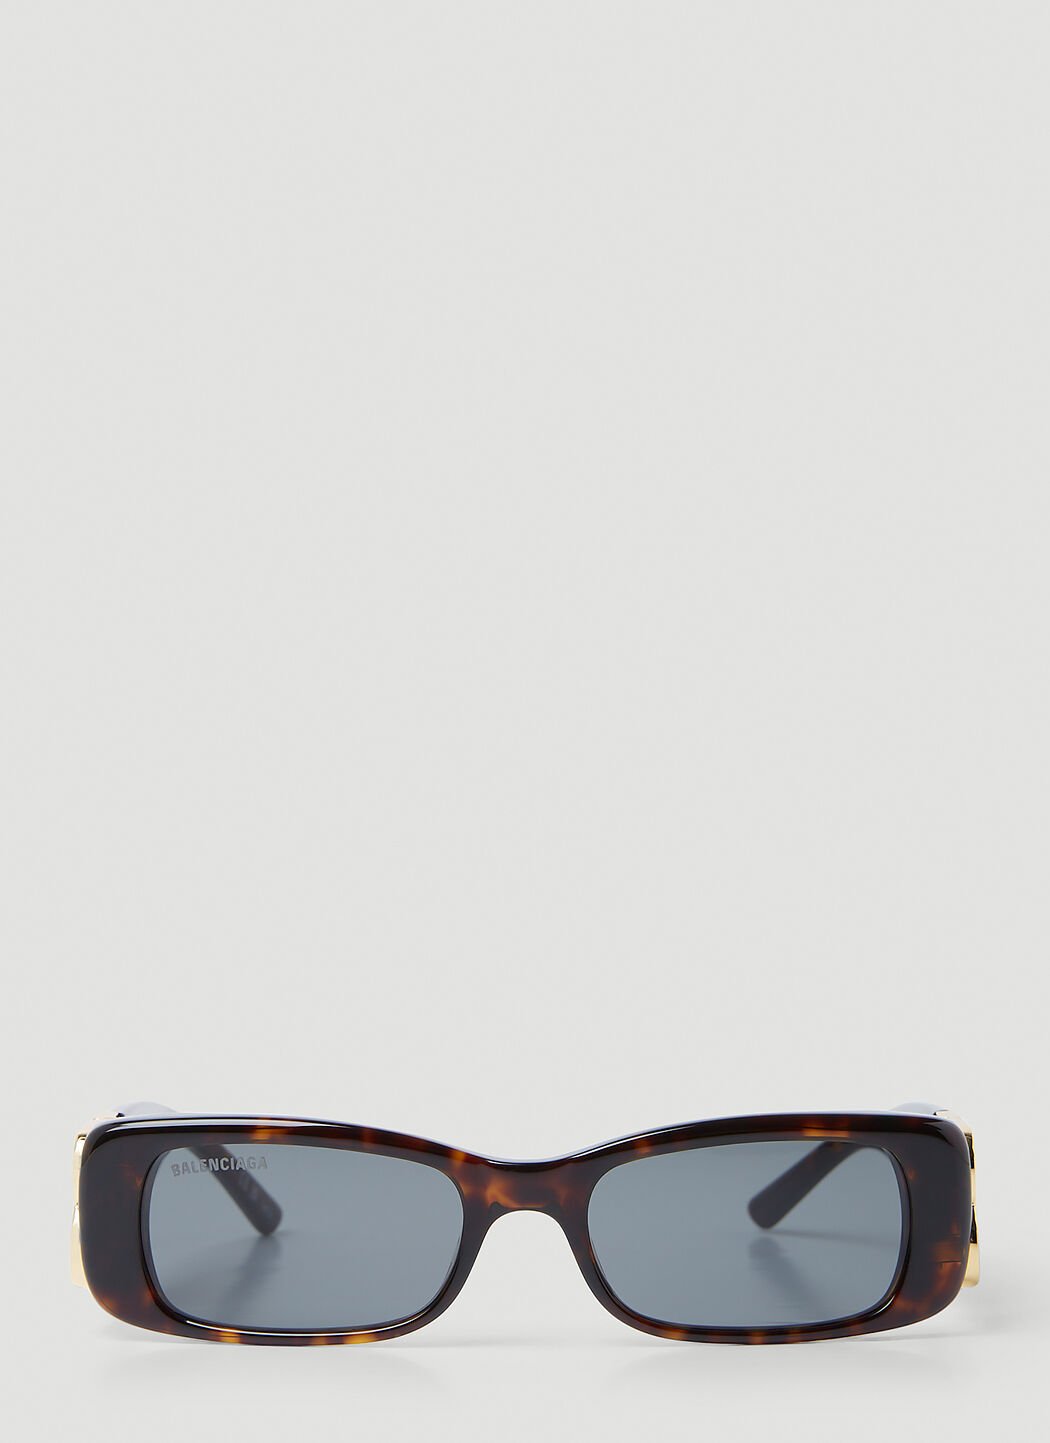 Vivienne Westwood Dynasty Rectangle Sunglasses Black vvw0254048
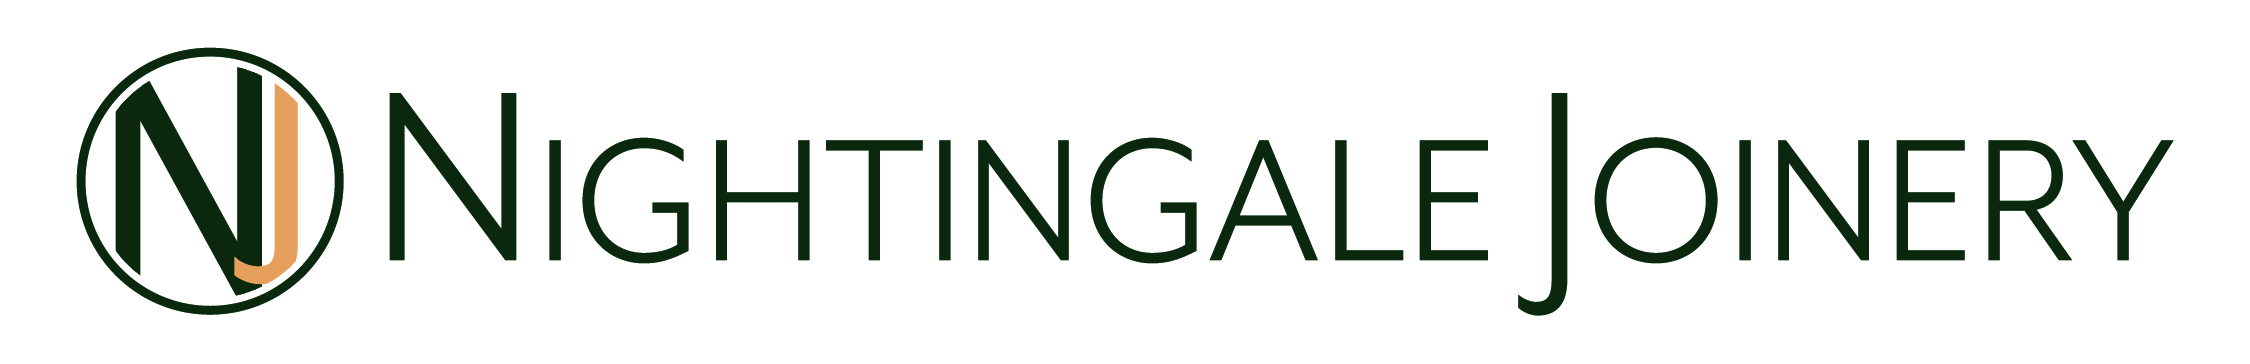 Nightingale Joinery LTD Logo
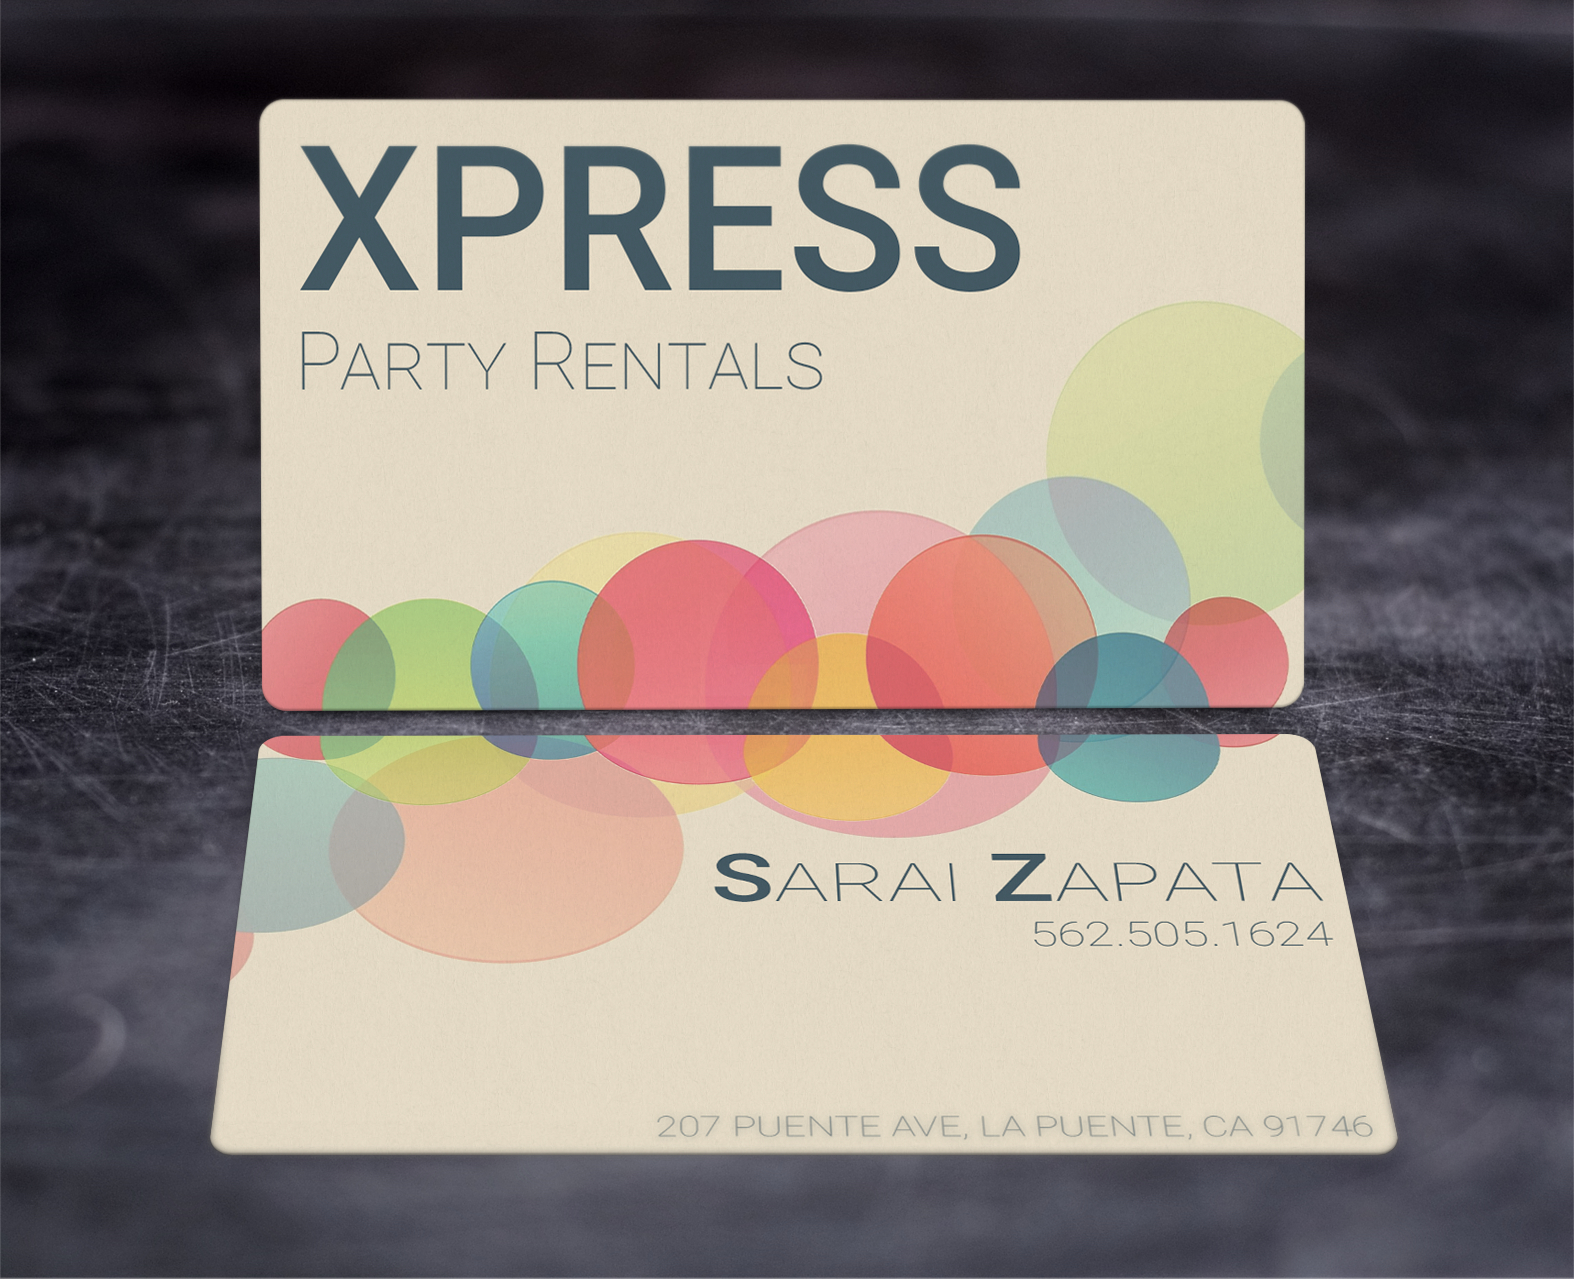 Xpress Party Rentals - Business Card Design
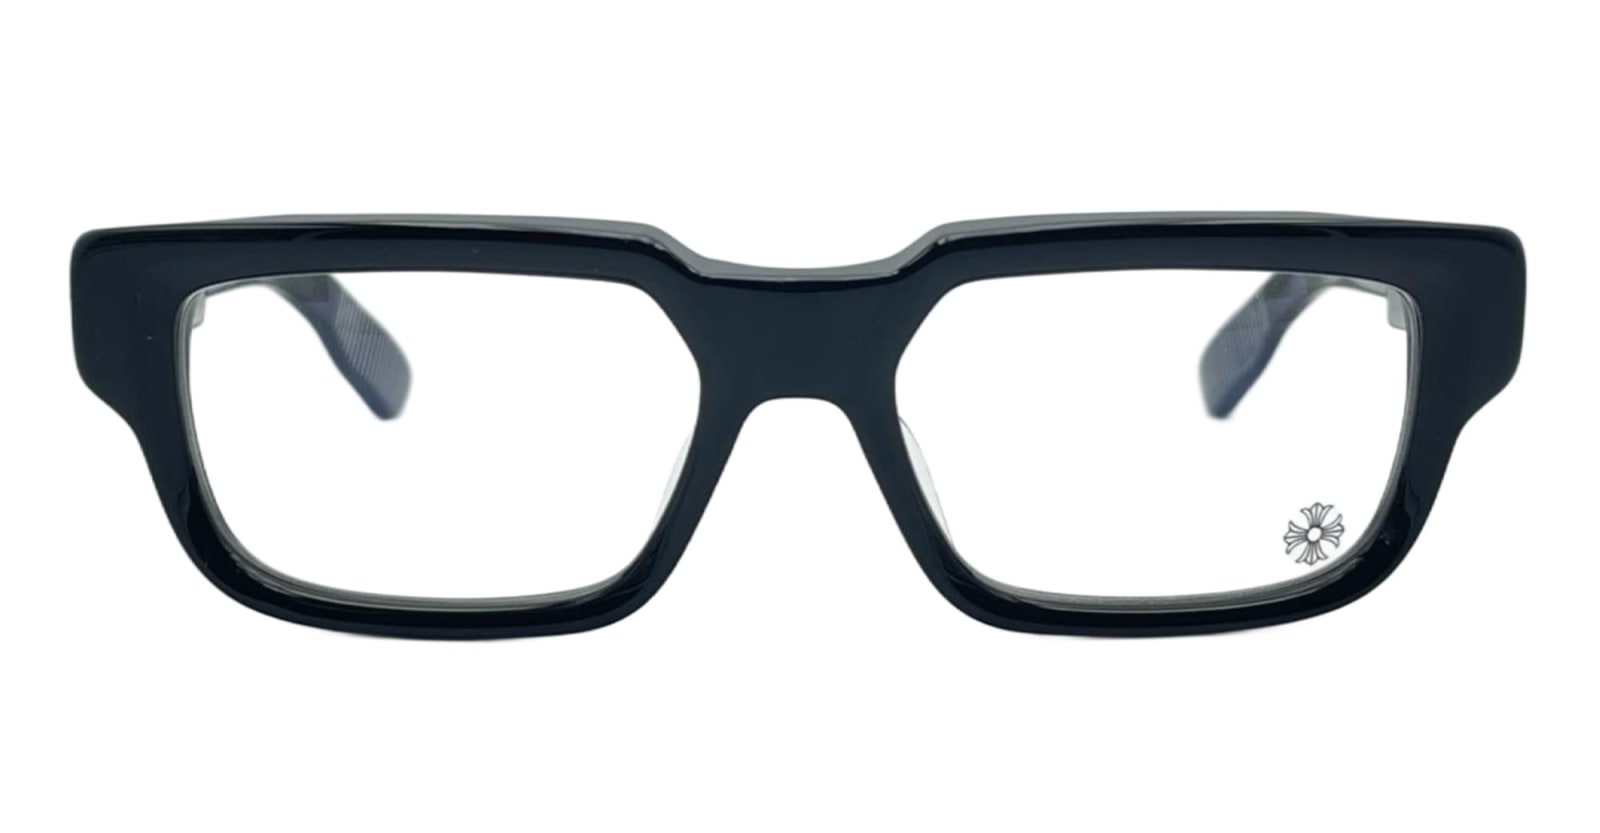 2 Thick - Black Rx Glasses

**WHAT IS EXPECTED:**
All that is needed is the span from the line with "Xpress Party Rentals - Business Card Design" through the last line of the material above, reproduced exactly and free of pictures.

**RESPONSE BOX:**
 Xpress Party Rentals - Business Card Design
 2 Thick - Black Rx Glasses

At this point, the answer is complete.